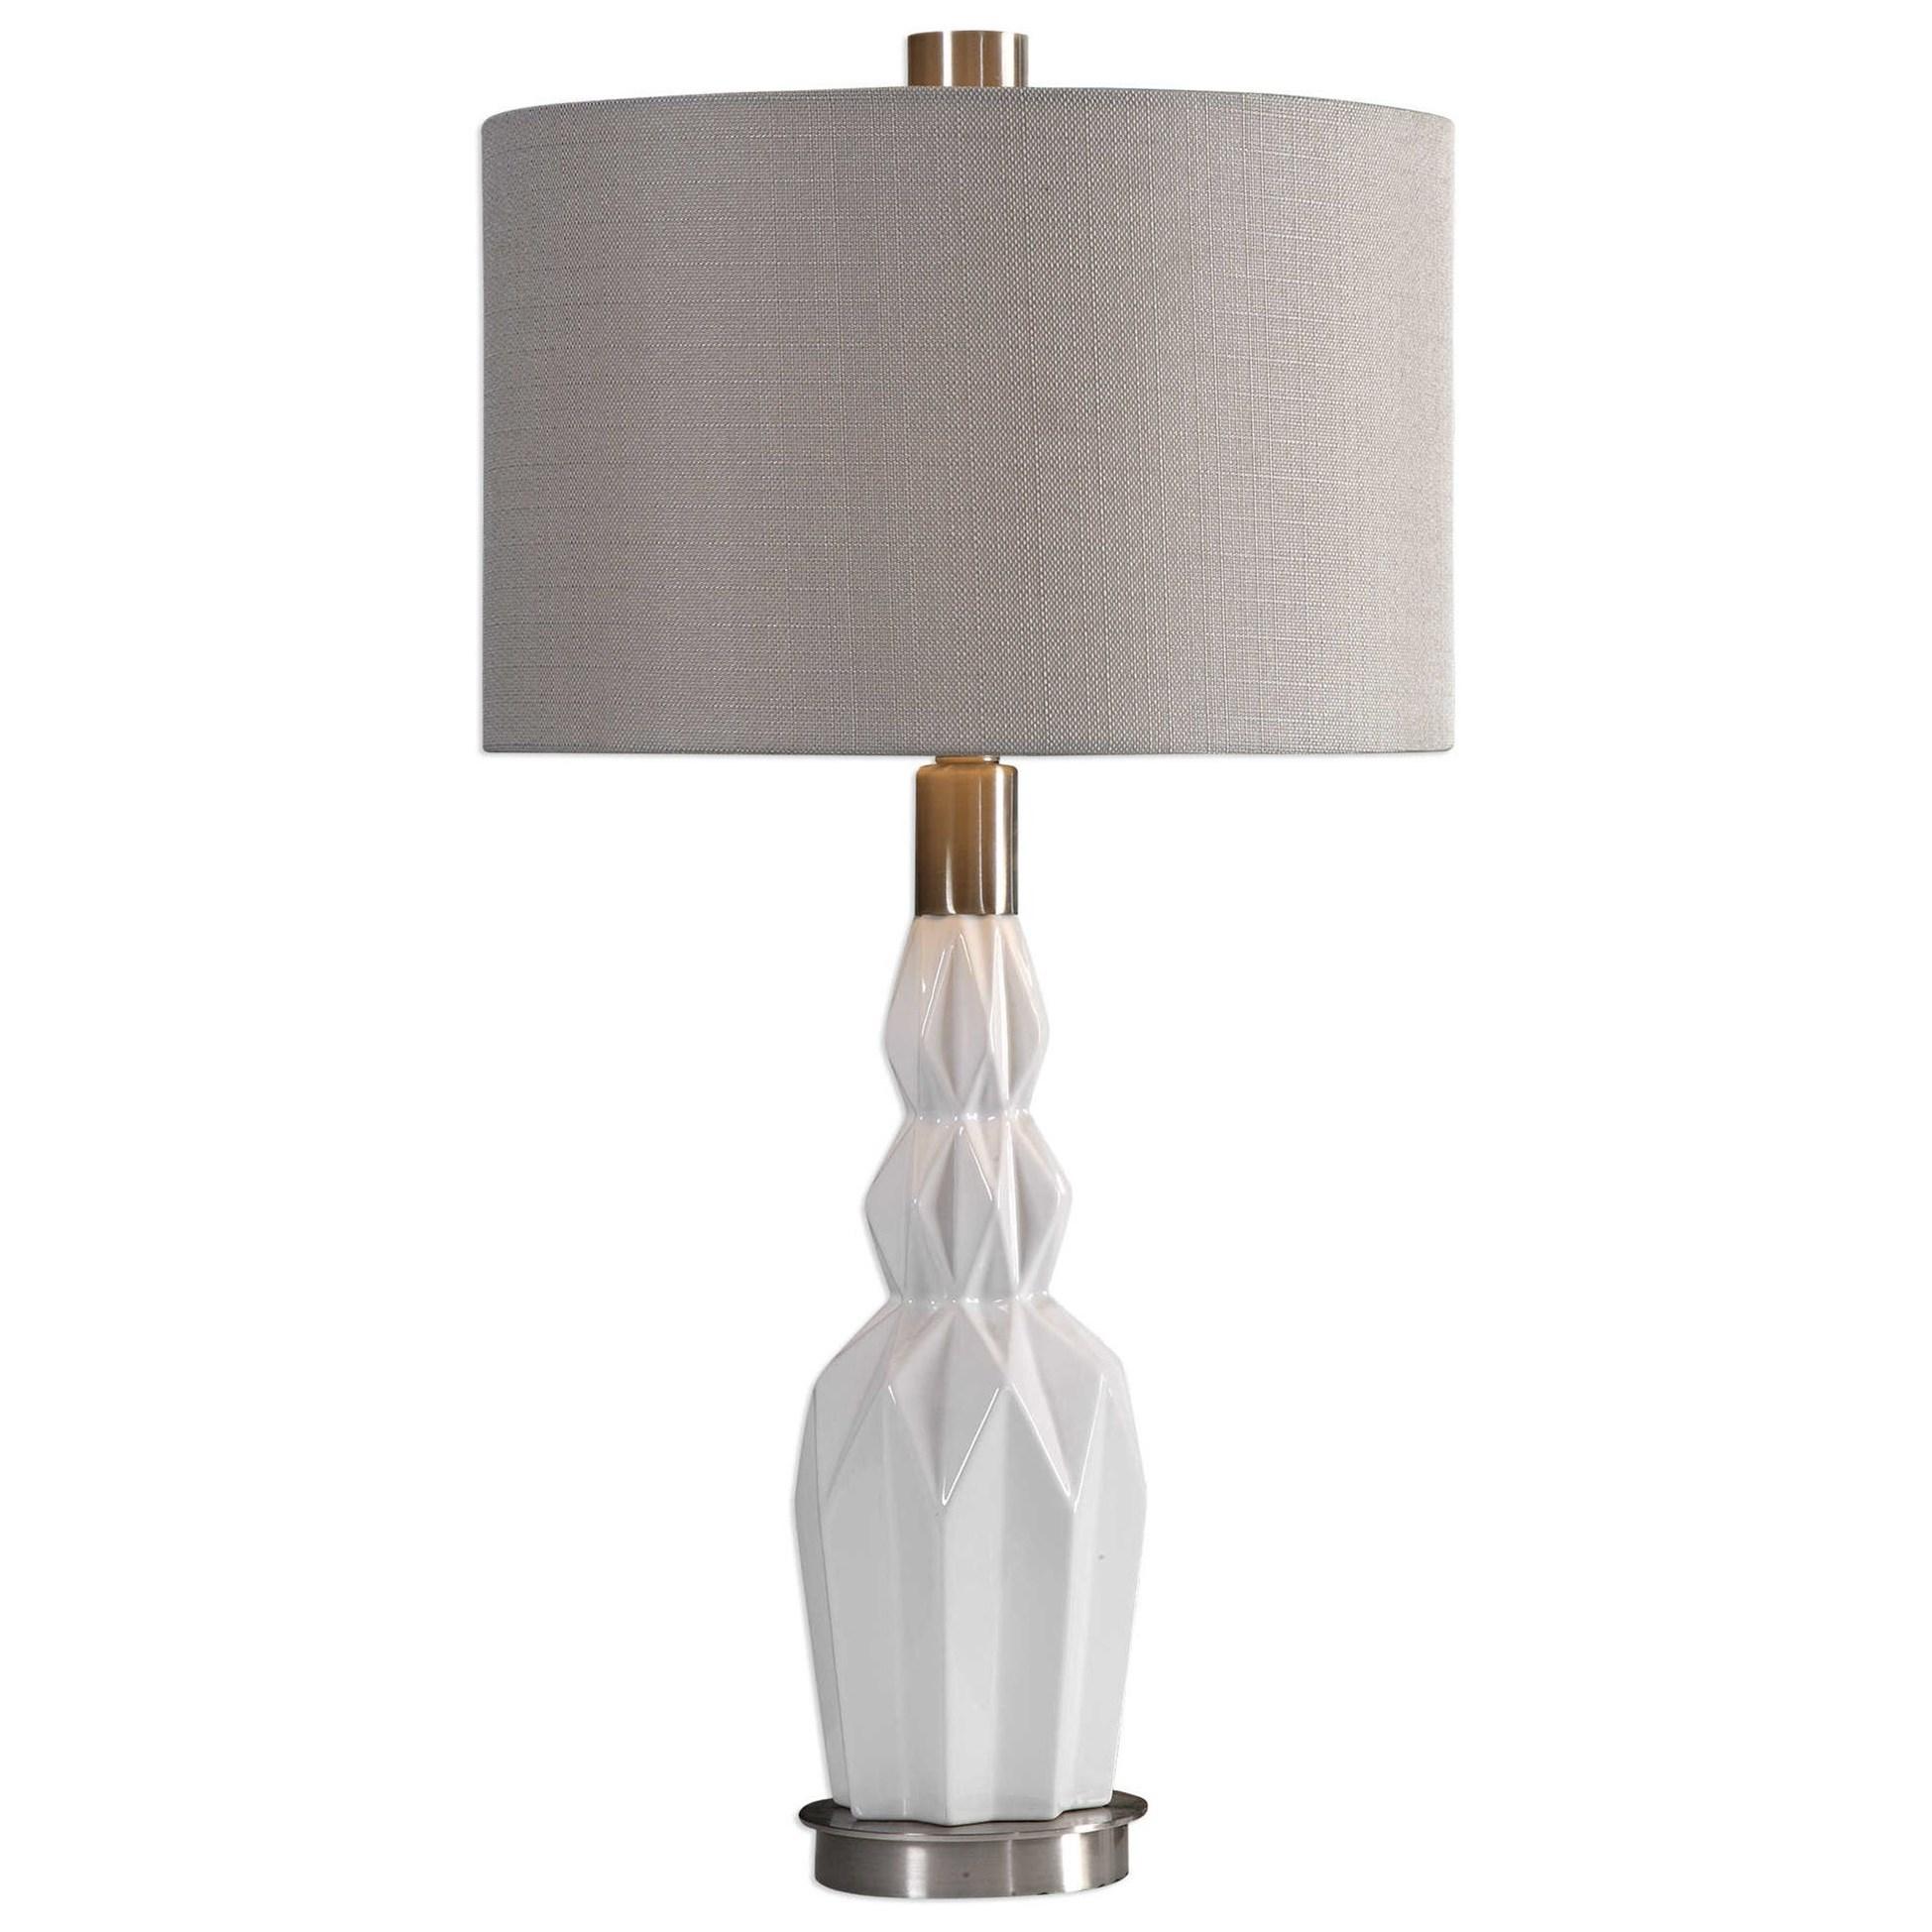 Cabret Gloss White Ceramic Table Lamp
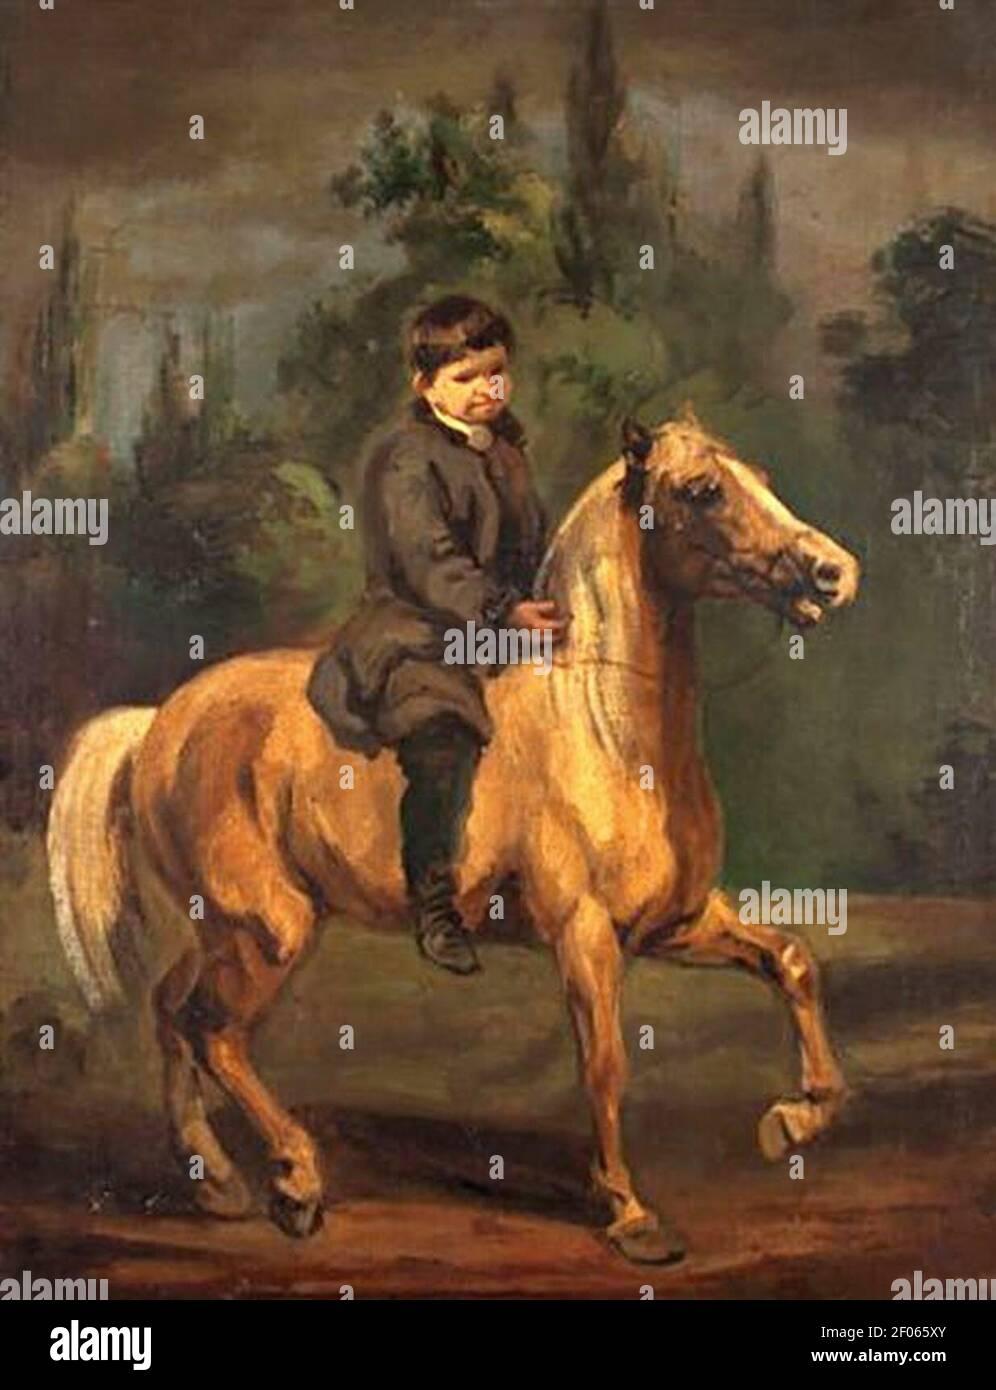 Piotr Michałowski - Chłopiec na koniu. Foto de stock
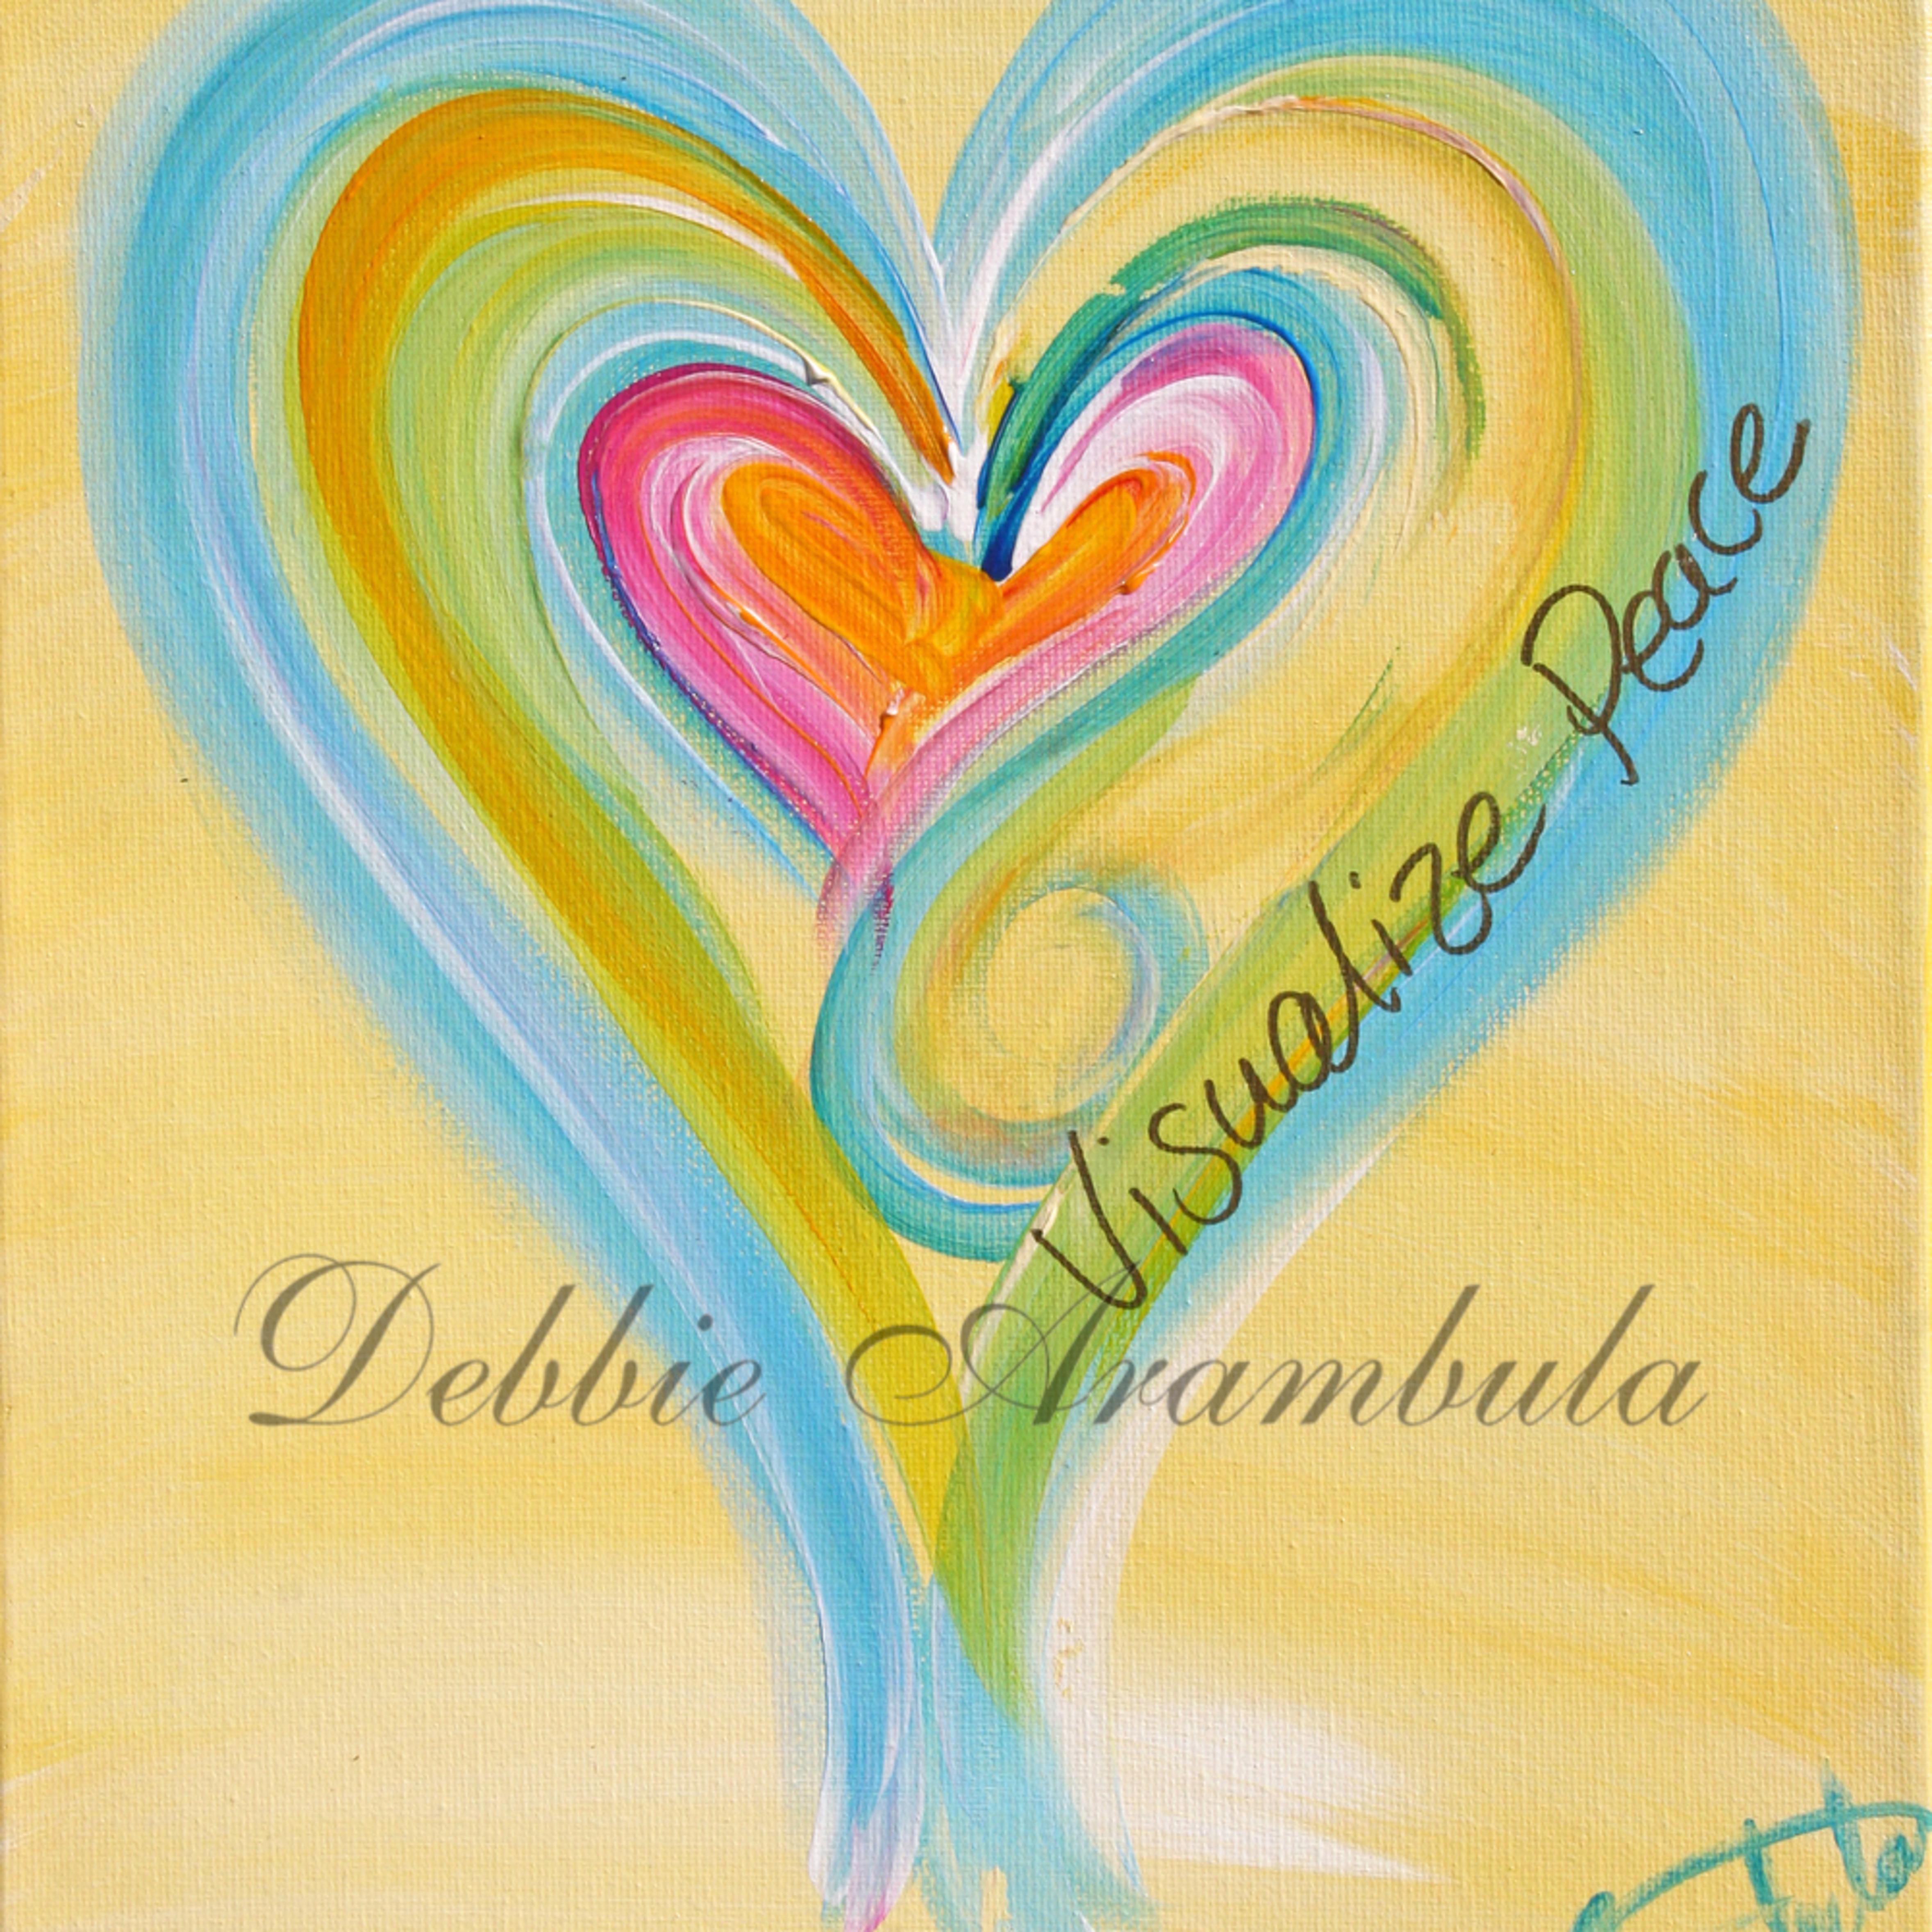 Visualize peace lplksc
· · · · ·
▶ [Exercise goal]:
From the first line to the last, retype the data exactly, but omit every image.

▶ [Expected answer]:
 Cabret Gloss White Ceramic Table Lamp
 Piotr Michałowski - Chłopiec na koniu. Foto de stock
 Visualize peace lplksc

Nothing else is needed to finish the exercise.